[comp.parallel] Determinacy Issues in Parallel Programs

adamb@ncar.UCAR.EDU (Adam 'Velvis' Beguelin) (08/11/89)

I would like to discuss the value of determinacy in parallel programming.

If you knew a parallel program was determinate or nondeterminate
before you ran it, then it would make writing and 
debugging the program easier.  If the program was determinate
you would know that errors produced by the
program were not an artifacts of race conditions in your program.
If you knew that the program may be nondeterminate, you could look
to those portions of the program which may cause nondeterminacy
to see if these sections of the code contribute to the incorrectness
of the computation.  If you expected the program to be determinate 
and were told that it was nondeterminate, this would also be 
useful information.

Does anyone have any comments on the above argument?
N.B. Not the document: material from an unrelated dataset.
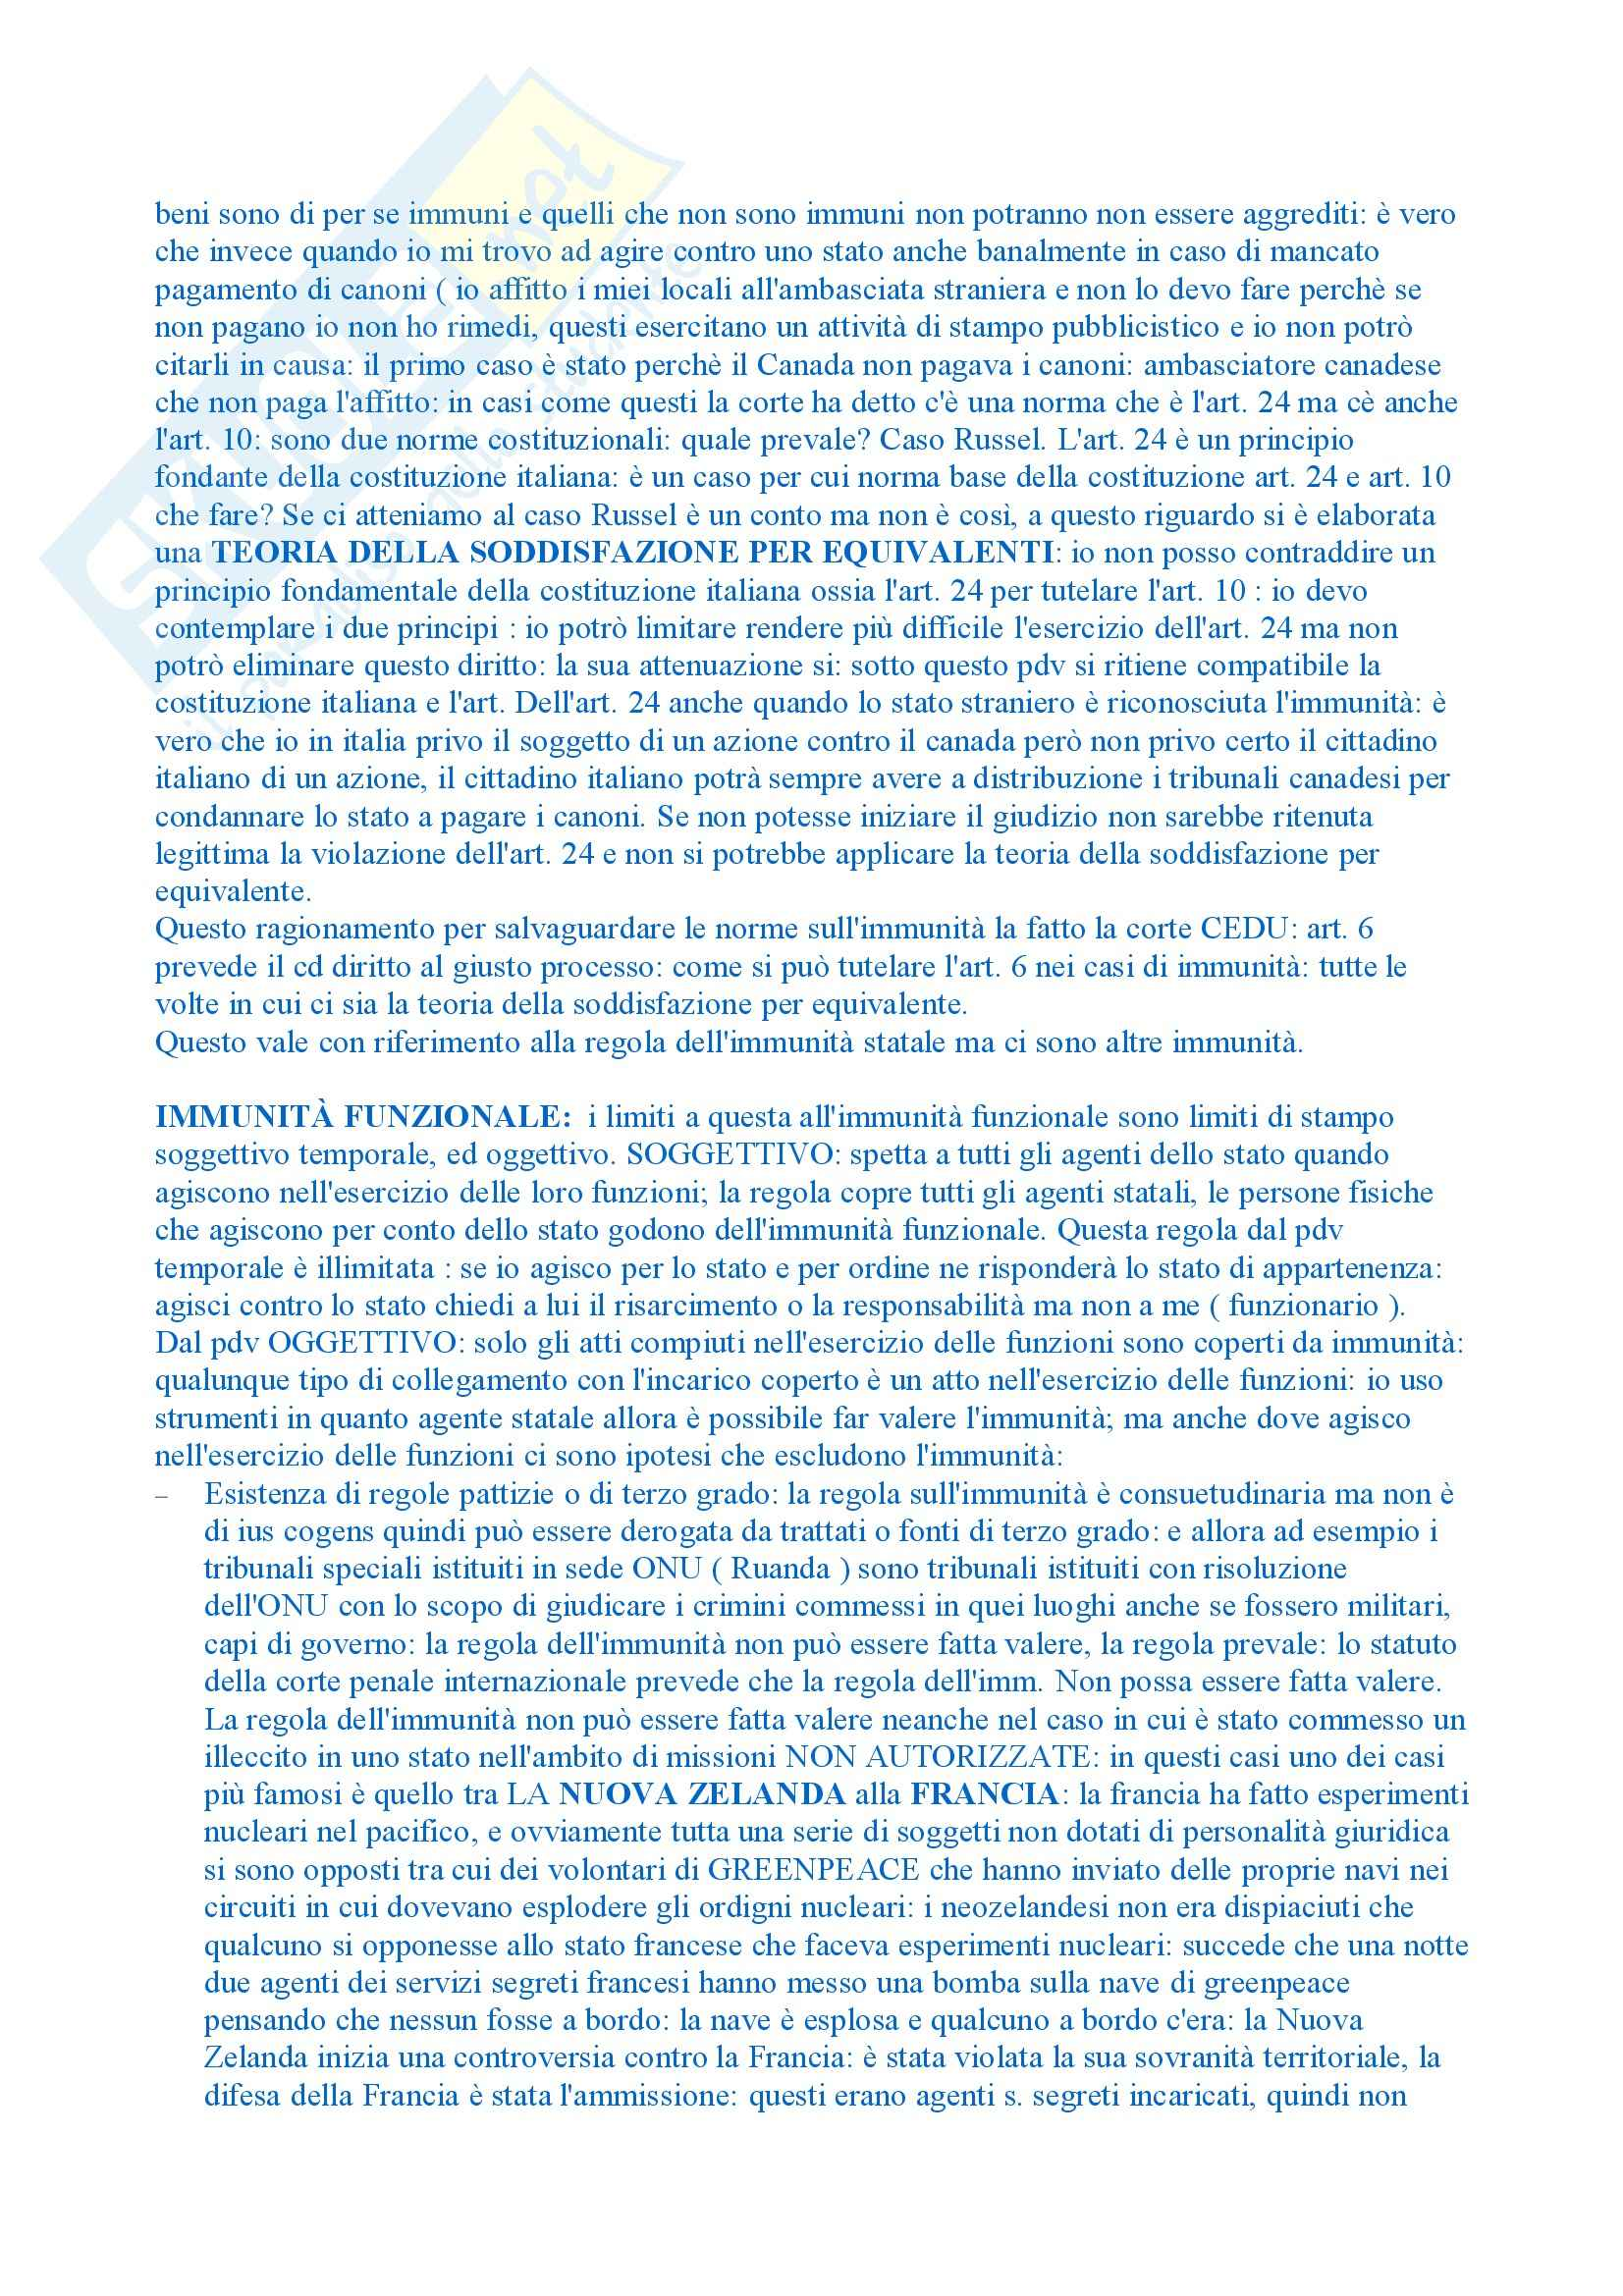 Diritto internazionale - Appunti dalle lezioni Pag. 76
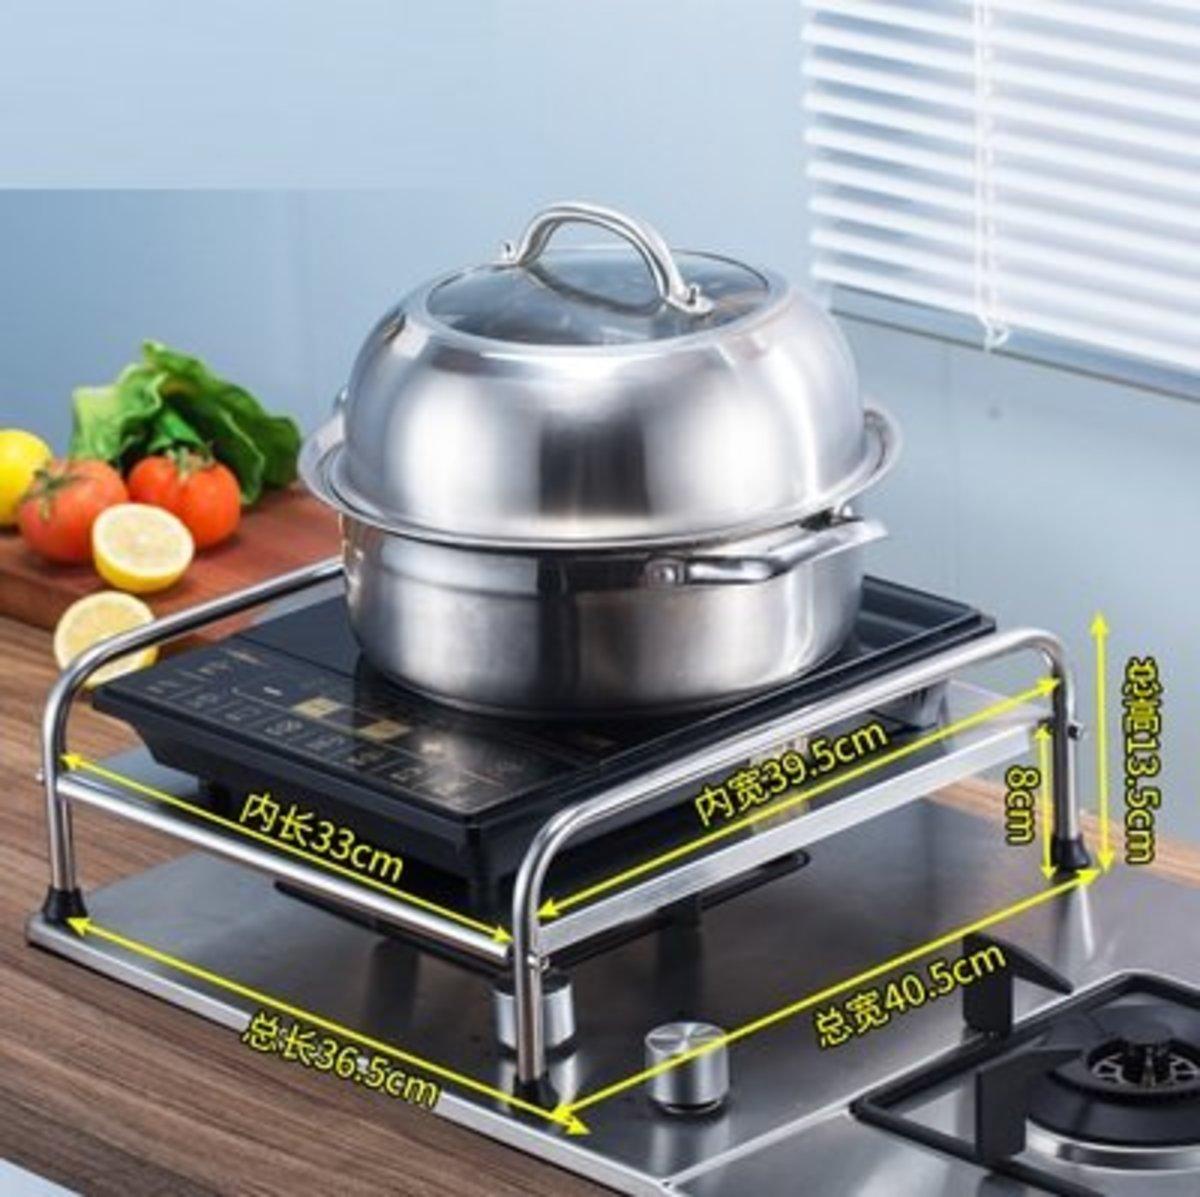 不銹鋼廚房單層置物架電磁爐支架架子 煤氣灶台架燃氣灶蓋板 鍋架 (ZWJC0050)

Also related to determinacy, some languages (i.e. functional languages)
enforce determinacy, while most parallel languages do not.   Enforcing
determinacy restricts the number of computations one may easily express.
A client server model is naturally nondeterministic, for instance.
Does the average Joe parallel programmer need the ability of writing
nondeterministic programs?  Would he be better off with a language
that encouraged or enforced determinacy, even though the set of computations
expressible in such a language may be smaller?

Finally, does anyone have references to papers that discuss such topics?
I know of a papers on the Blaze and Linda languages which touch on these
issues but I'm not aware of anything that explicitly discusses the pros
and cons of determinacy in parallel programming.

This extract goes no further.